Return nothing but the lines from the one with "Life is ride." through the one with "Bounce Akita Men's 3x3battle" in the data below, word for word and without pictures.

Segment Start: Data for this task

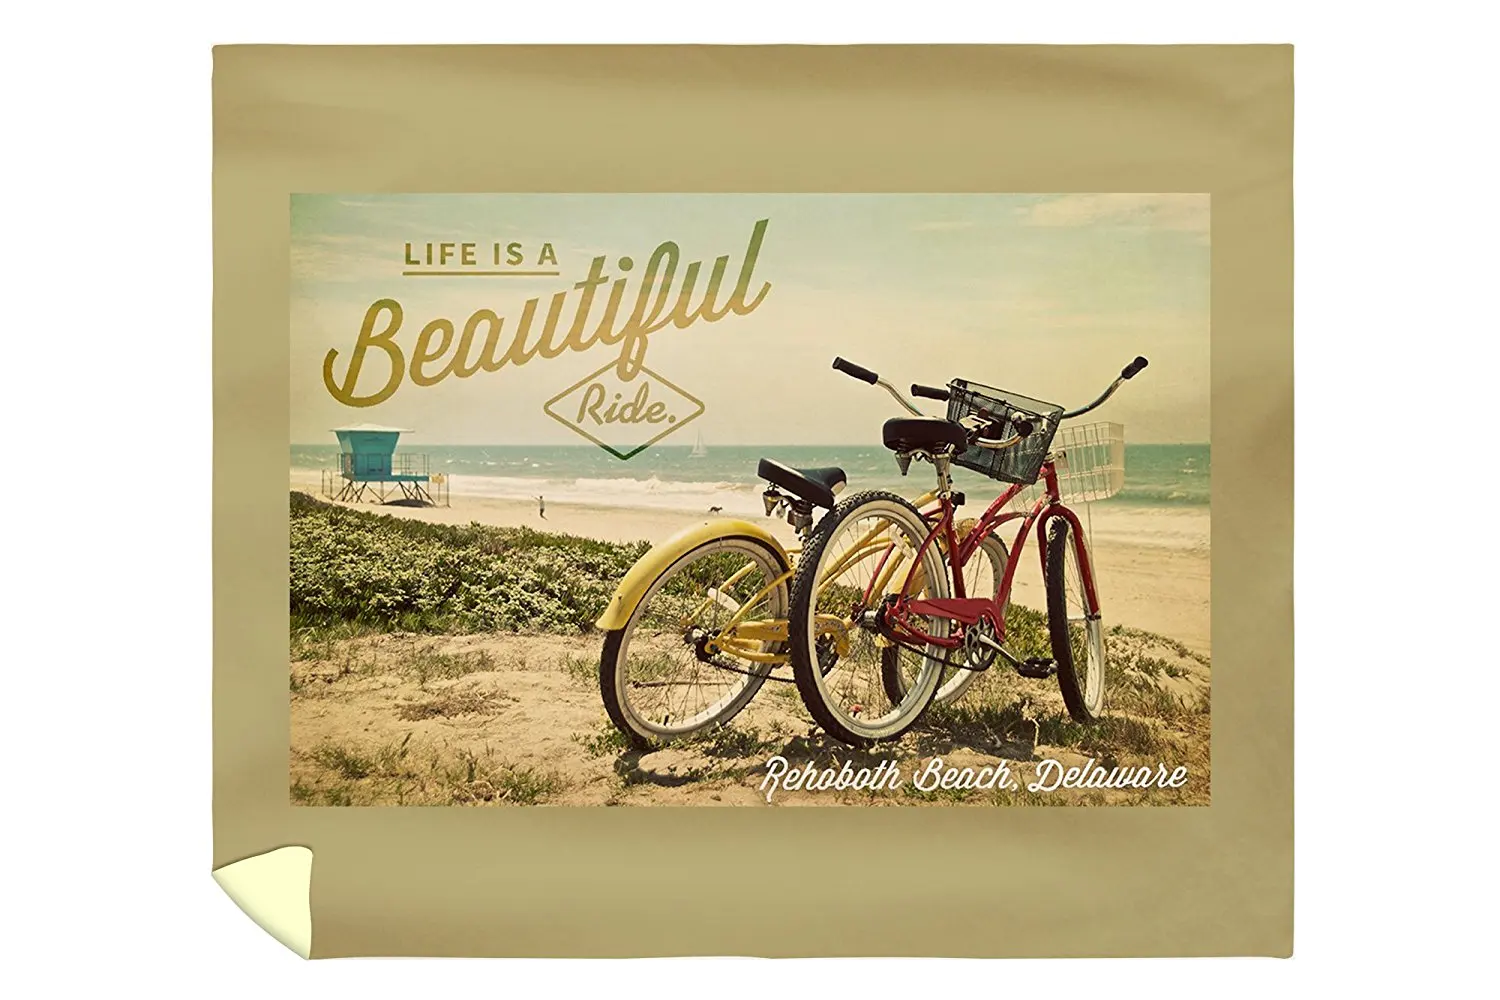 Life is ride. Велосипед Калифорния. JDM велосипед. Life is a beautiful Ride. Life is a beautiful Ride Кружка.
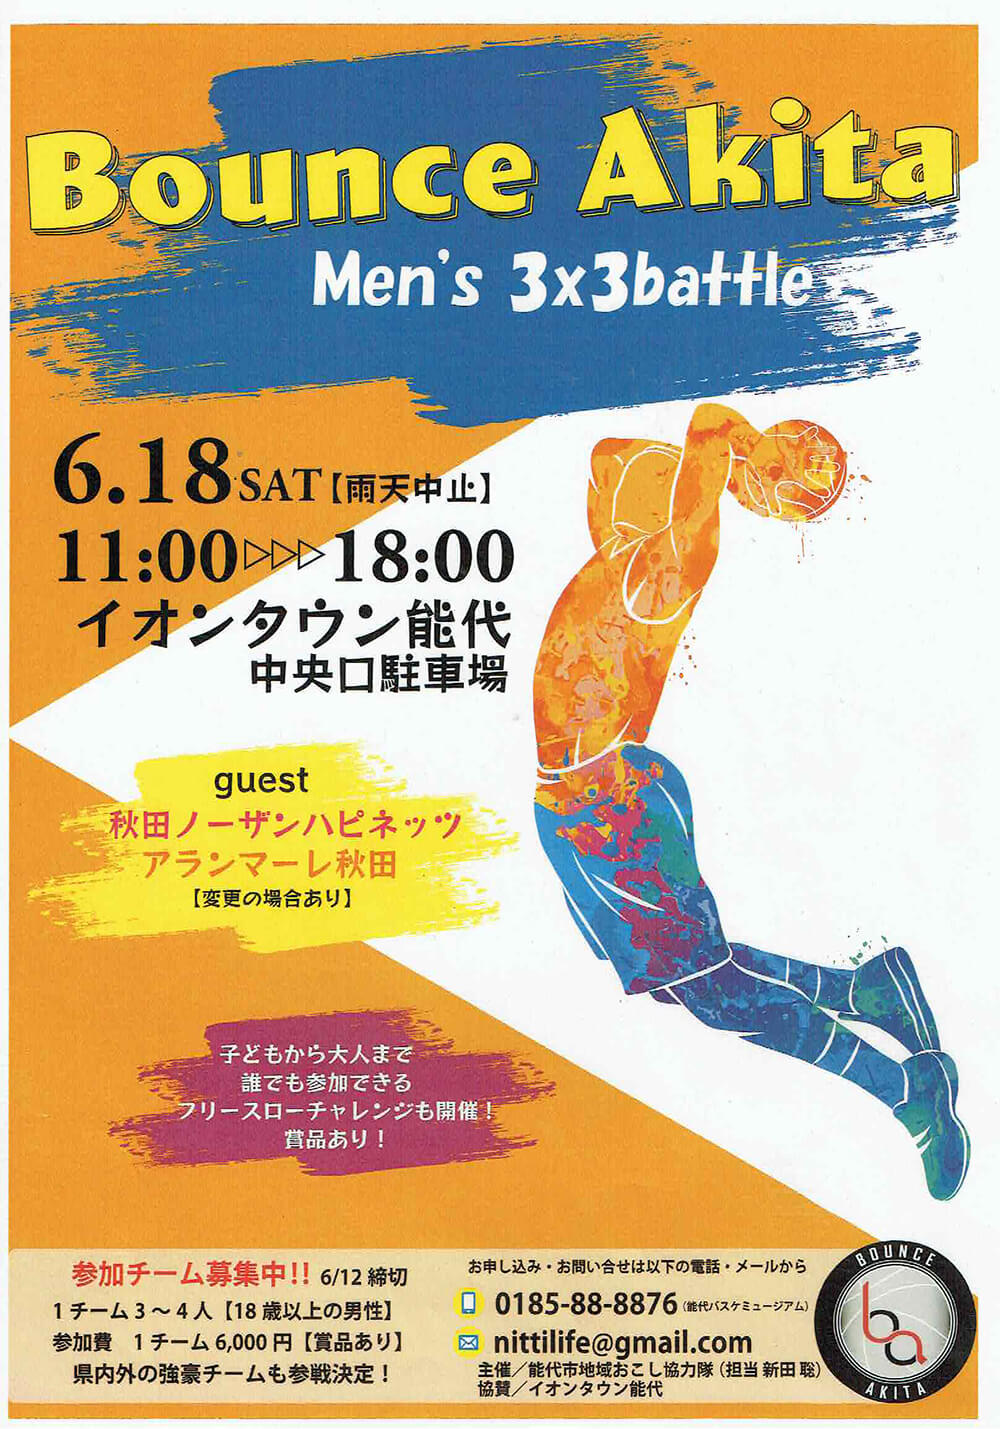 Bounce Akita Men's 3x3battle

Segment End: Data for this task
Segment Start: Data for this task

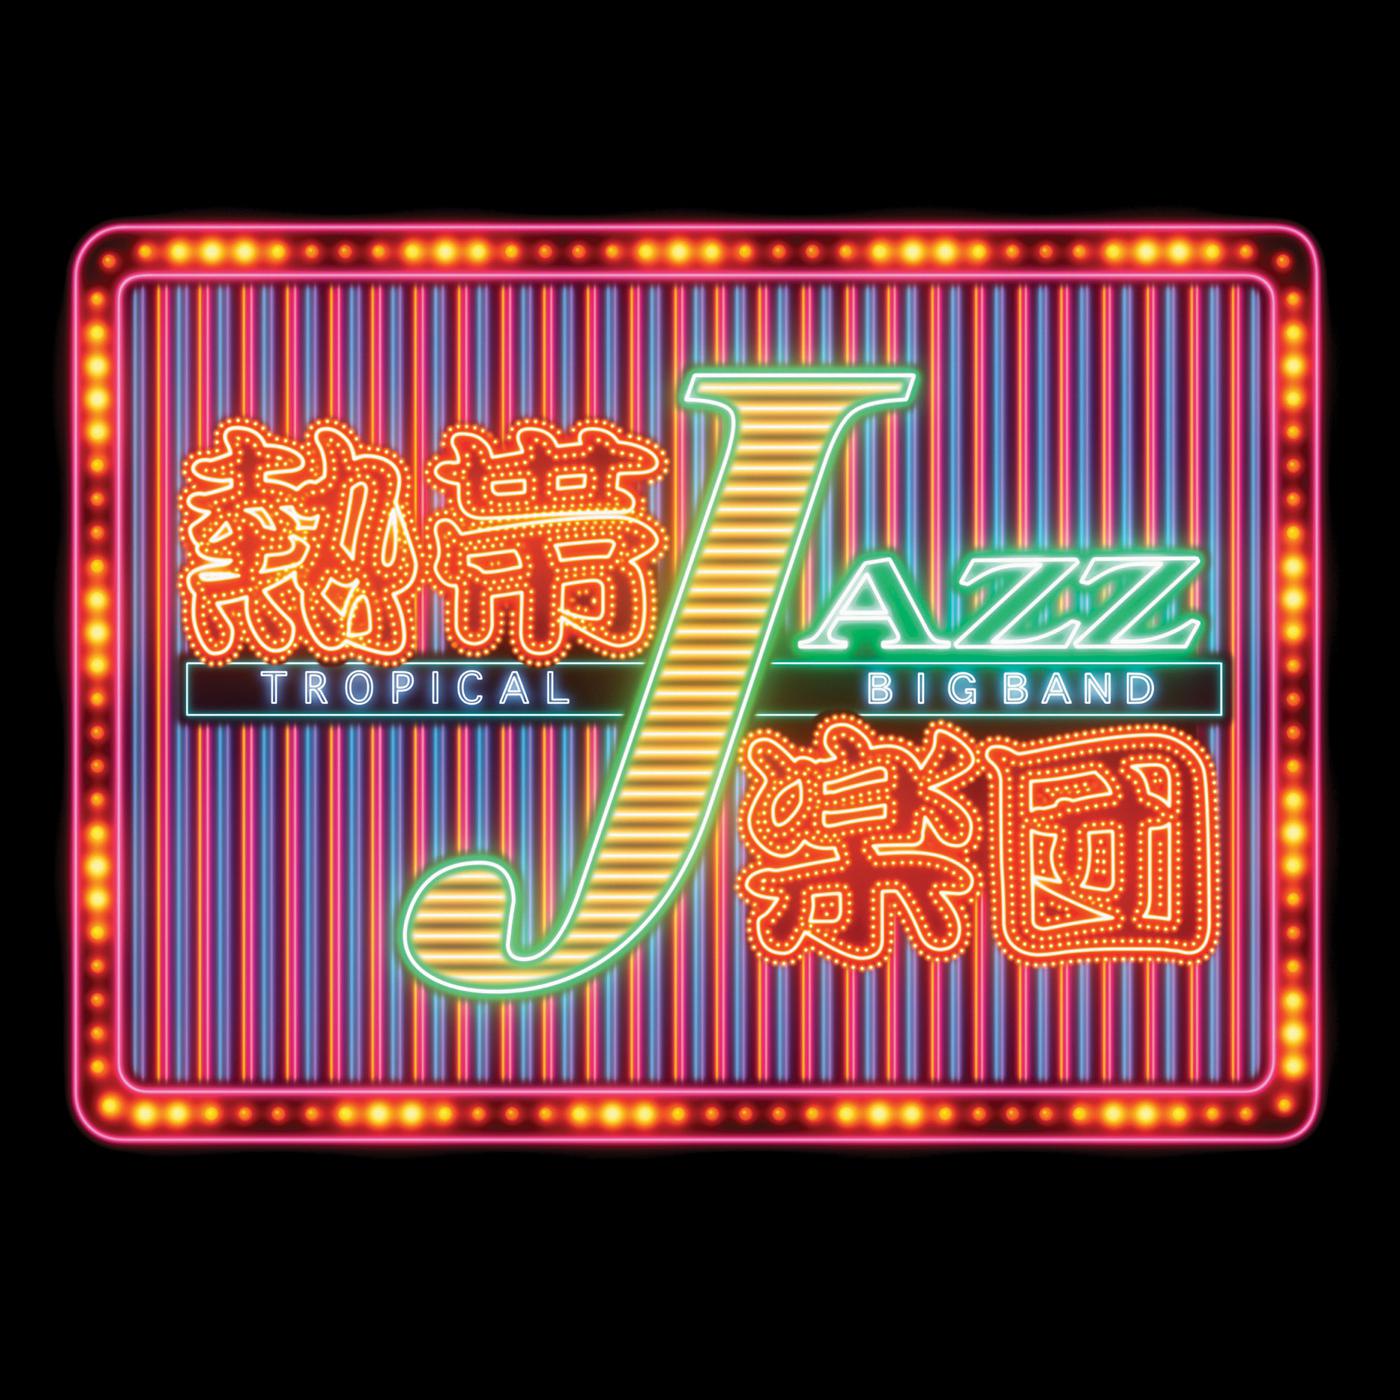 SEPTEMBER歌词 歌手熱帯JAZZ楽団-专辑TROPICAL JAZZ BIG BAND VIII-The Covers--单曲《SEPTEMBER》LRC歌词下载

Segment End: Data for this task
Segment Start: Data for this task

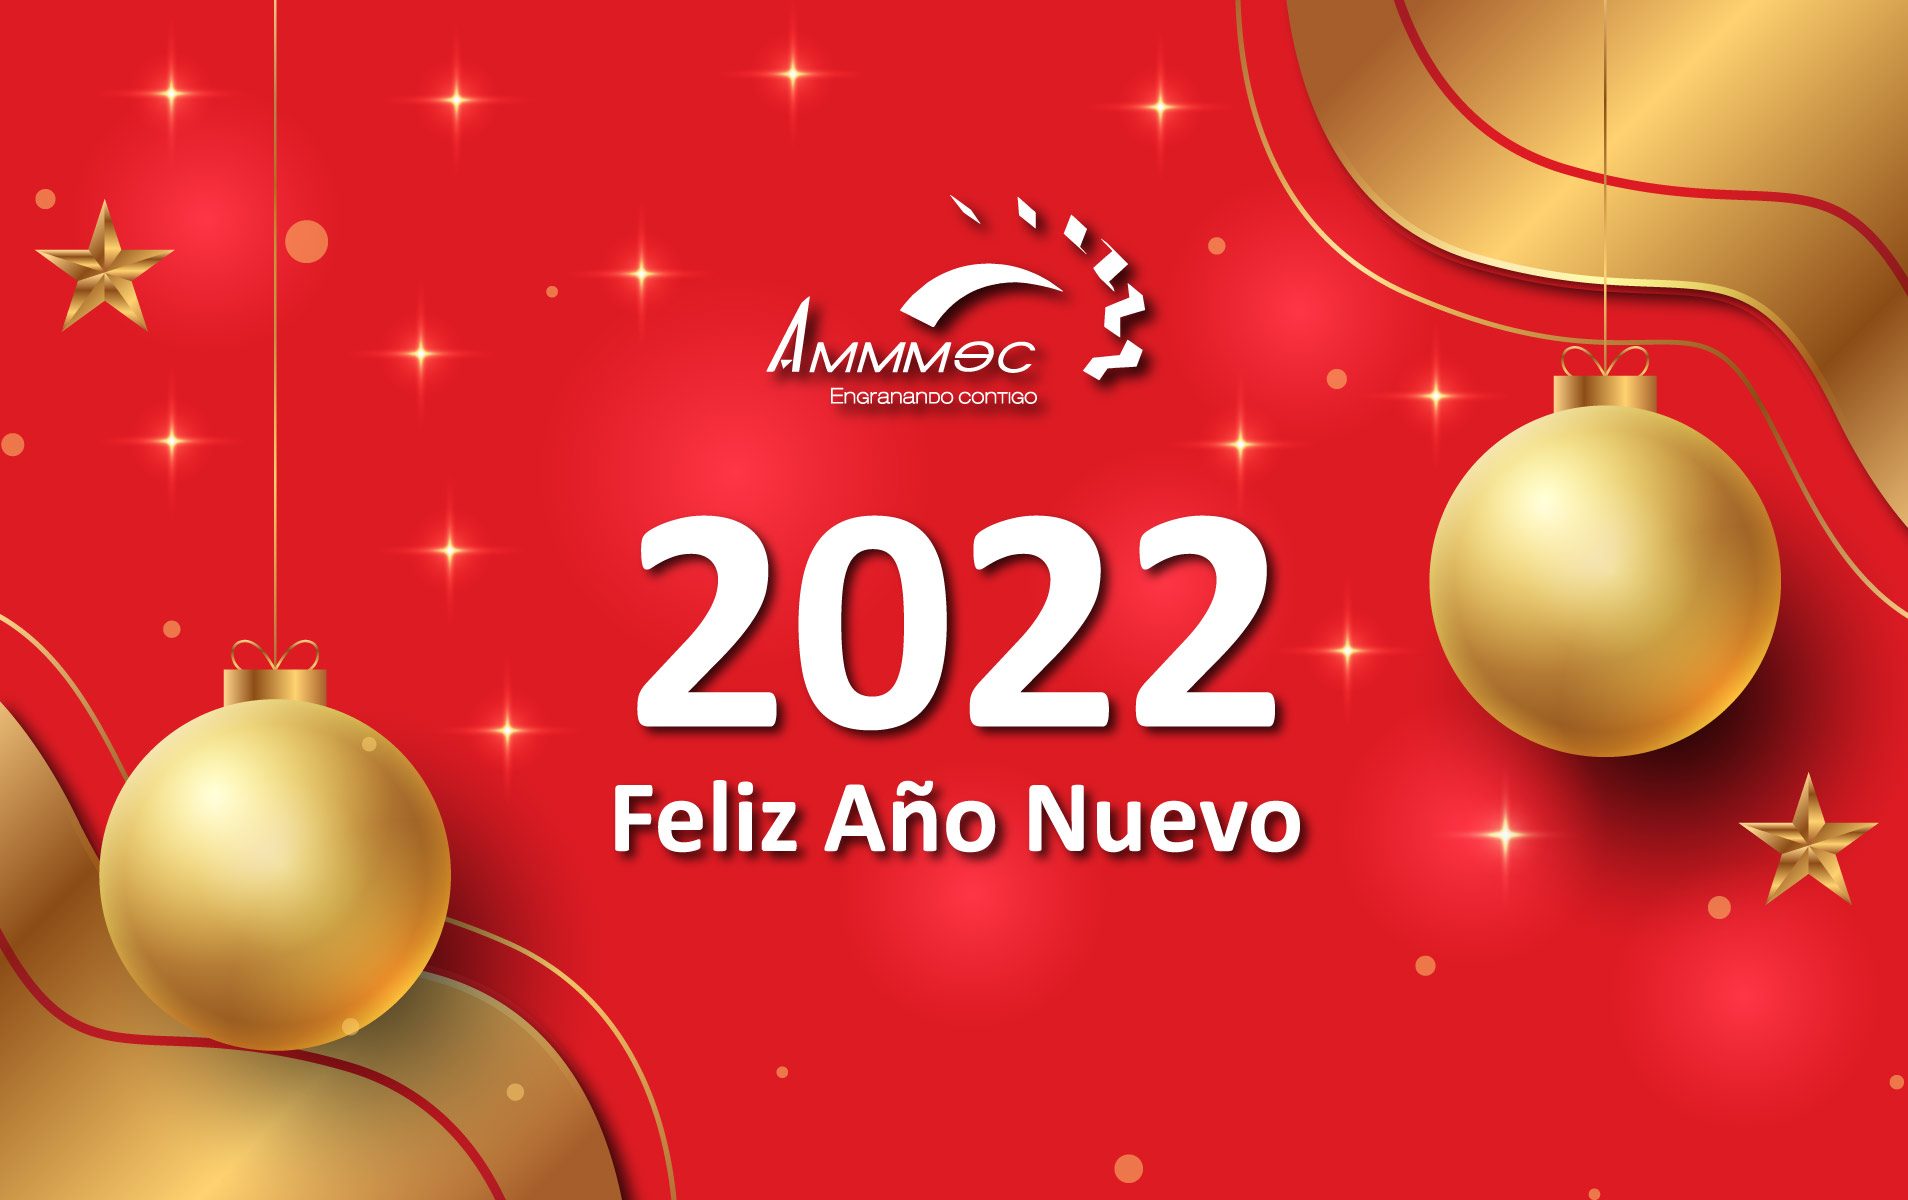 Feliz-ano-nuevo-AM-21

Segment End: Data for this task

# Written solution:
 Life is ride. Велосипед Калифорния. JDM велосипед. Life is a beautiful Ride. Life is a beautiful Ride Кружка.
 Bounce Akita Men's 3x3battle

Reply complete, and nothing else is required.